Aujourd'hui, alors que nous pouvons enfin admettre que la première vague de la pandémie est terminée, quel a été, selon vous, le plus grand défi de ces derniers mois ?
Le premier défi était structurel et logistique et concernait les laboratoires : tous les chemins ont été modifiés, l'hôpital a été transformé, de nouveaux départements ont été créés, d'autres ont cessé de fonctionner. De toute évidence, il s'agissait de remodeler le fonctionnement de l'hôpital.
Le deuxième défi a été l'ouverture du nouveau centre de réanimation où je jouais au basket une semaine auparavant. Il a été construit avec un bloc opératoire intégré, une salle de stérilisation, un scanner et une technologie avancée.
Il a été créé dans un endroit séparé avec les procédures à définir, des plus petites aux plus complexes, et bien sûr la formation du personnel. Nous nous sommes retrouvés à devoir travailler avec des infirmières aux compétences minimales. Je dois admettre que j'avais une équipe fantastique, ils ont même créé des chats de flux pour aider les collègues. Je le répète, la formation du personnel a été un défi, nous avons utilisé le modèle gagnant mais avant tout, tout le monde était concerné. Cela signifiait mettre un patient d'une très grande complexité entre les mains d'un personnel ayant moins de compétences. Mais cela a fonctionné. Le personnel moins expérimenté a exprimé une volonté extraordinaire pour la formation et pour les études après les heures de travail.
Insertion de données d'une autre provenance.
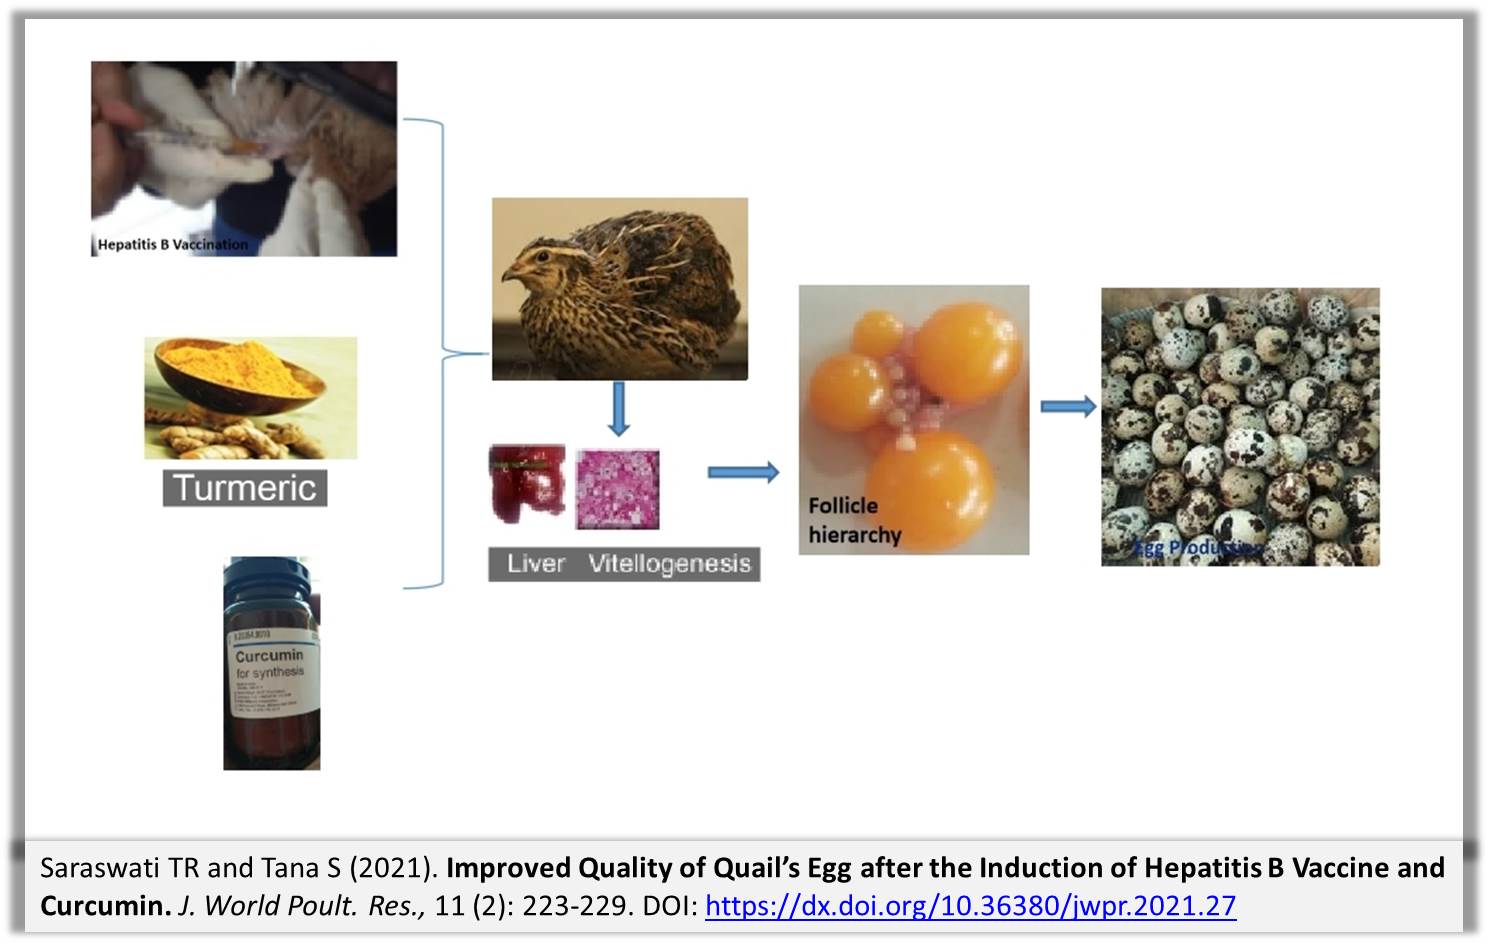 1300-8-Quality_of_Quails_Egg_after_the_Induction_of_Hepatitis_B_Vaccine_and_Curcumin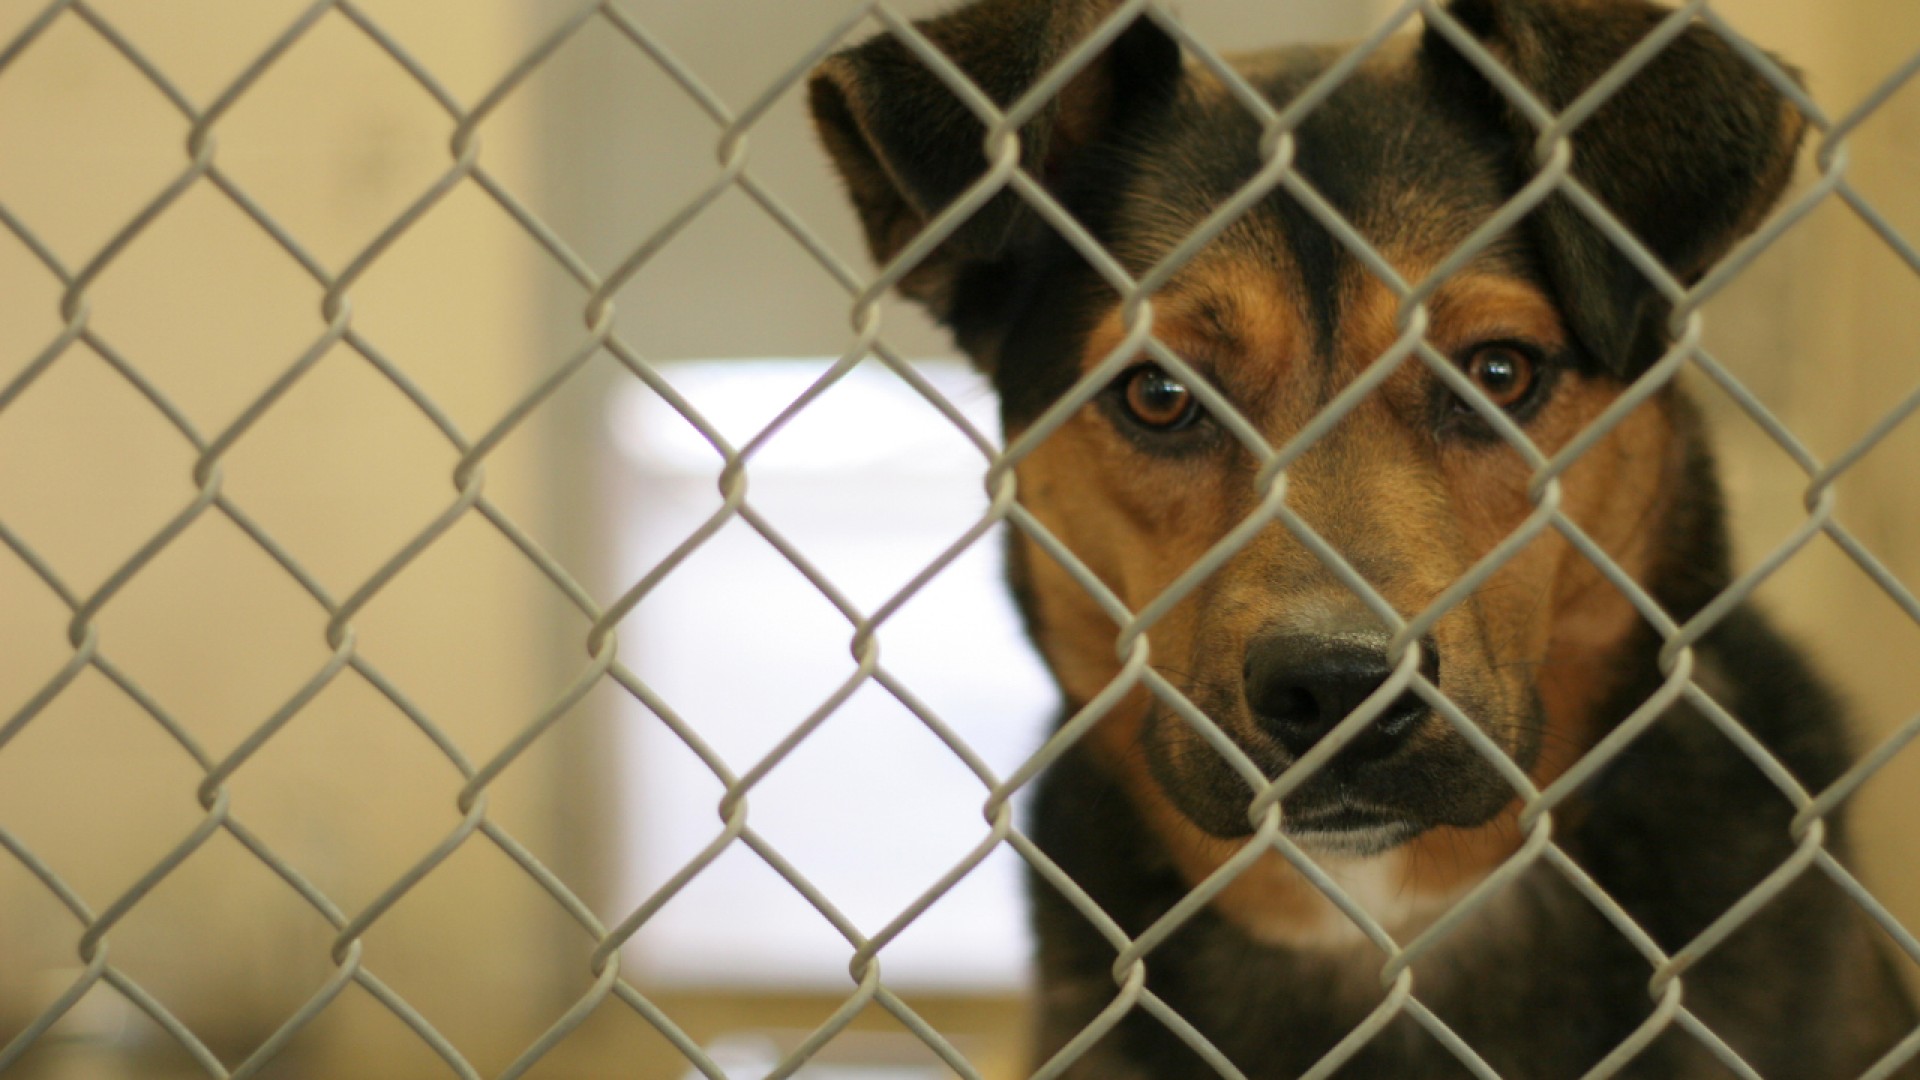 $23 for 2023: BARC slashes adoption fees as shelter reaches 'critical point'

Ensuite, il faut garder à l'esprit que nous avons dû utiliser tous les nouveaux appareils. C'est comme passer d'une Fiat 500 à une Ferrari - au début, il faut comprendre comment la conduire. Nous avons fait des vidéo-leçons avec les techniciens, nous avons aussi créé un chat où les vidéos étaient publiées pour que ceux qui n'étaient pas présents puissent être formés à distance. Quand je parle de formation, pratiquement je veux dire du samedi au lundi. Le samedi nous sommes allés mettre en place l'installation et le lundi nous avons accueilli 14 patients. En 2 jours, nous avons dû tout faire.
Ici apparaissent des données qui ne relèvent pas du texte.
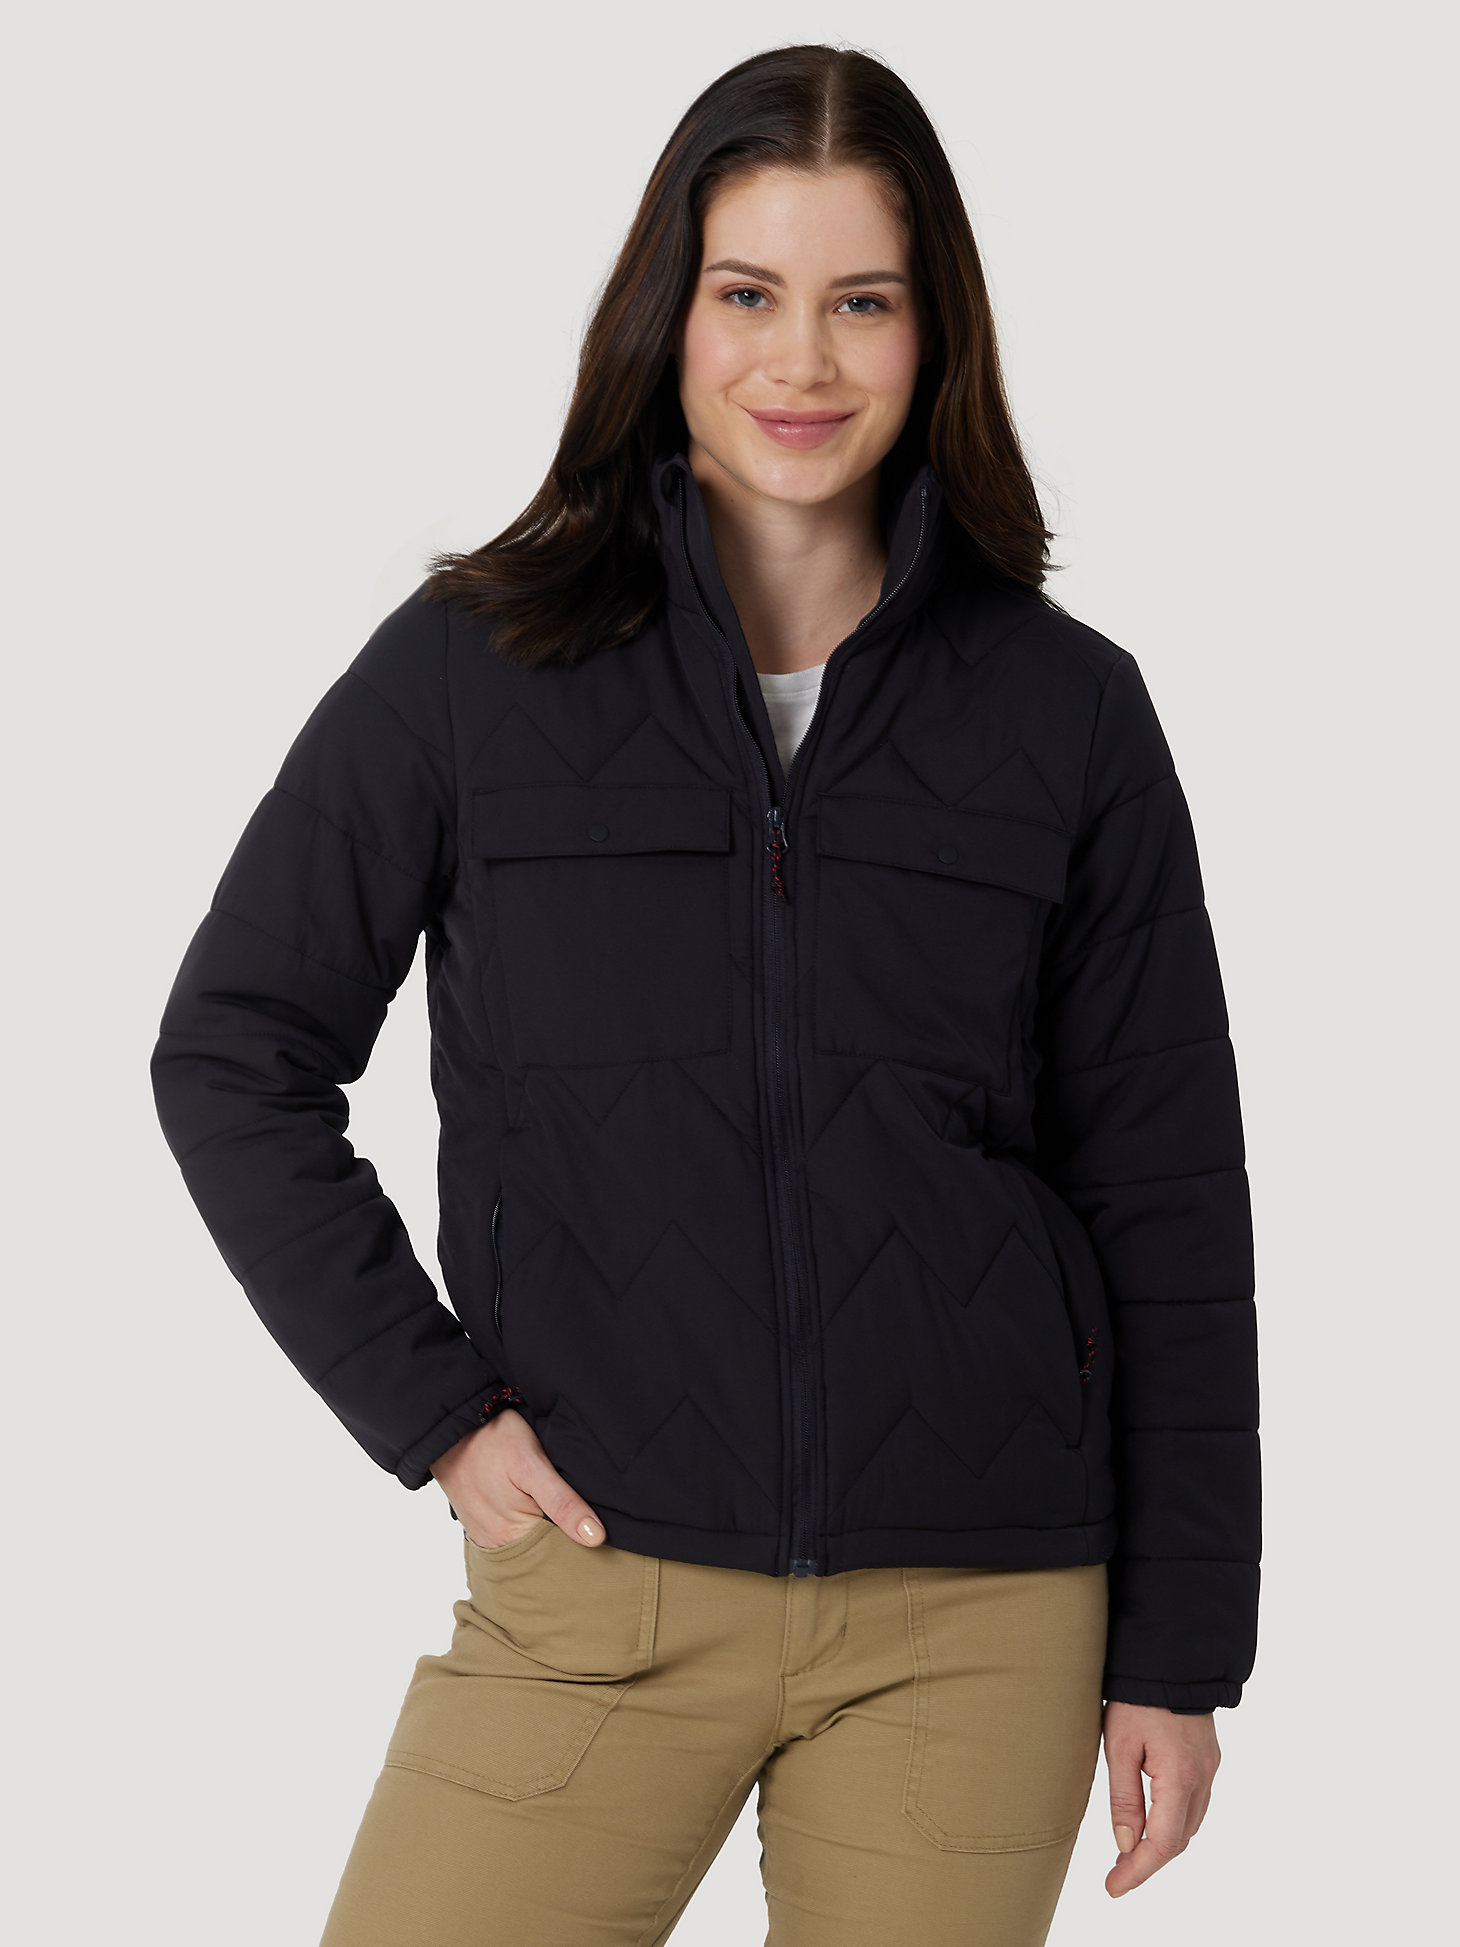 ATG Womens Packable Quilted Jacket:Jet Black:XXL alternative view 2

Maintenant, nous nous inquiétons du temps nécessaire à la reconversion de l'hôpital pour le remettre dans son état initial. Ce ne sera pas facile. Convertir un service COVID en un service non-COVID demande un engagement, des ressources et une série de procédures qui bloquent les unités opérationnelles pendant des jours. Assainir, mettre en quarantaine les appareils, stériliser tout le matériel, effectuer le prélèvement sur le personnel, attendre les résultats du prélèvement pour pouvoir l'absorber. En bref, il s'agit d'un engagement considérable.